▶ **DIRECTIONS FOR THIS TASK**: Leave every picture out, then reproduce the rest of the listing exactly.
───── INFORMATION SHOWN ─────
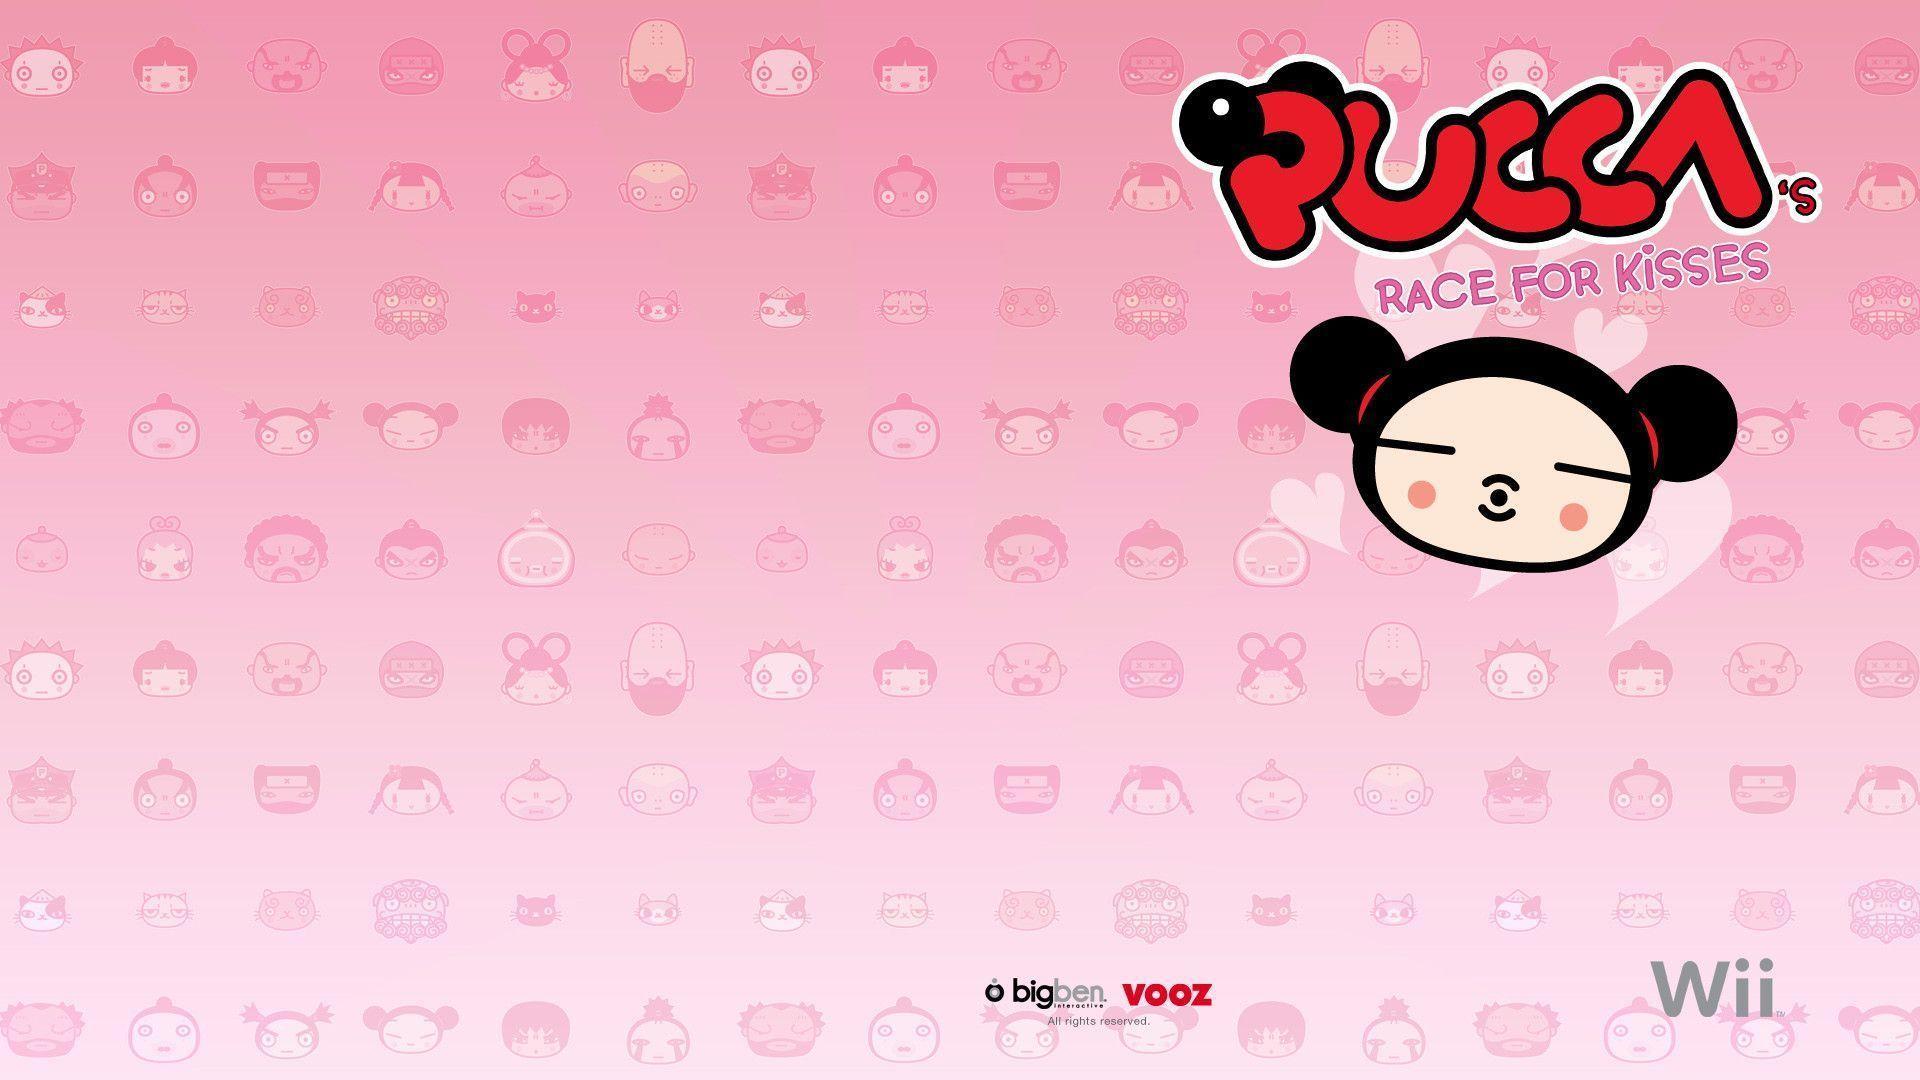 Pucca Background
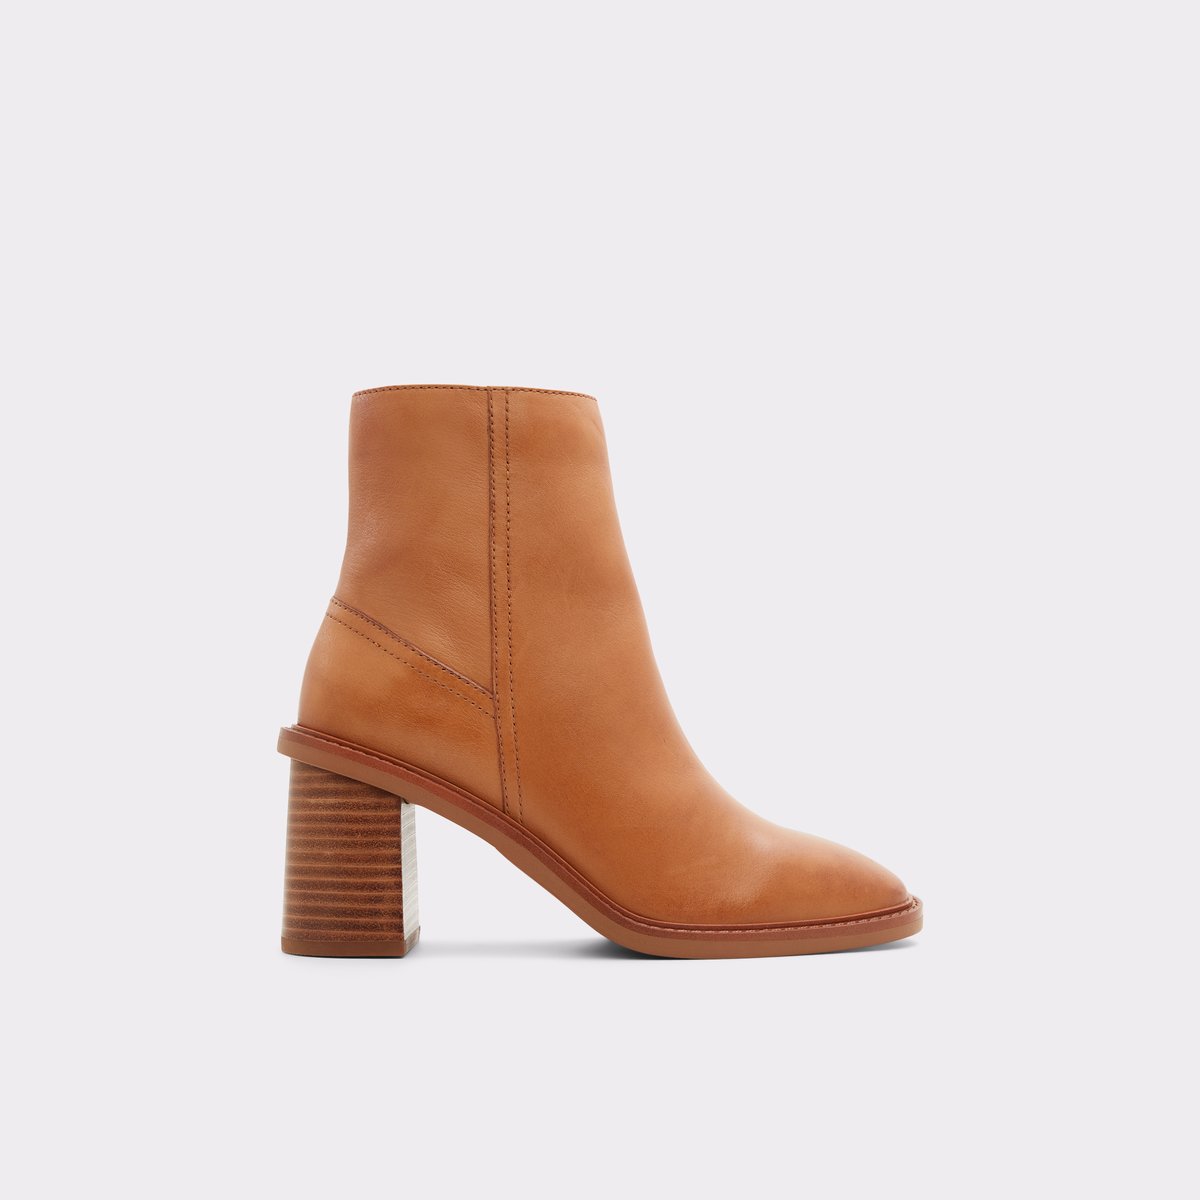 Filly Medium Brown Women's Ankle Boots & Booties | ALDO Canada
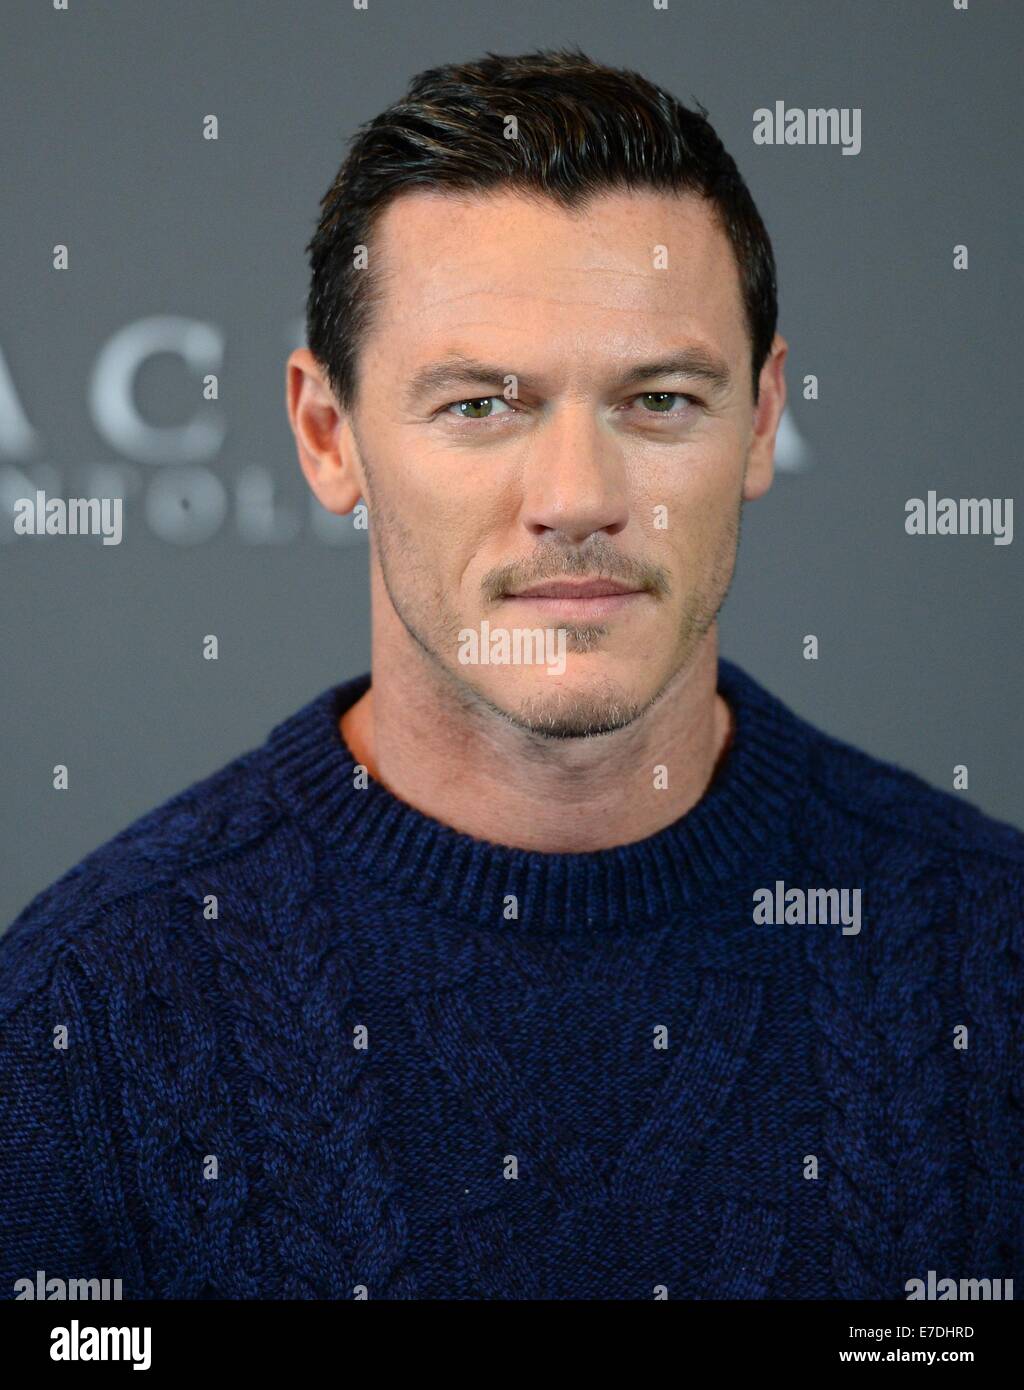 Berlin, Germany. 15th Sep, 2014. The British actor Luke Evans poses at a photocall for the movie 'Dracula Untold' in Berlin, Germany, 15 September 2014. The movie comes to the theaters on 02 October 2014. PHOTO: BRITTA PEDERSEN/DPA/Alamy Live News Stock Photo
─────
▶ **SOLUTION TO THIS EXERCISE**:
 Pucca Background
 Filly Medium Brown Women's Ankle Boots & Booties | ALDO Canada
 Berlin, Germany. 15th Sep, 2014. The British actor Luke Evans poses at a photocall for the movie 'Dracula Untold' in Berlin, Germany, 15 September 2014. The movie comes to the theaters on 02 October 2014. PHOTO: BRITTA PEDERSEN/DPA/Alamy Live News Stock Photo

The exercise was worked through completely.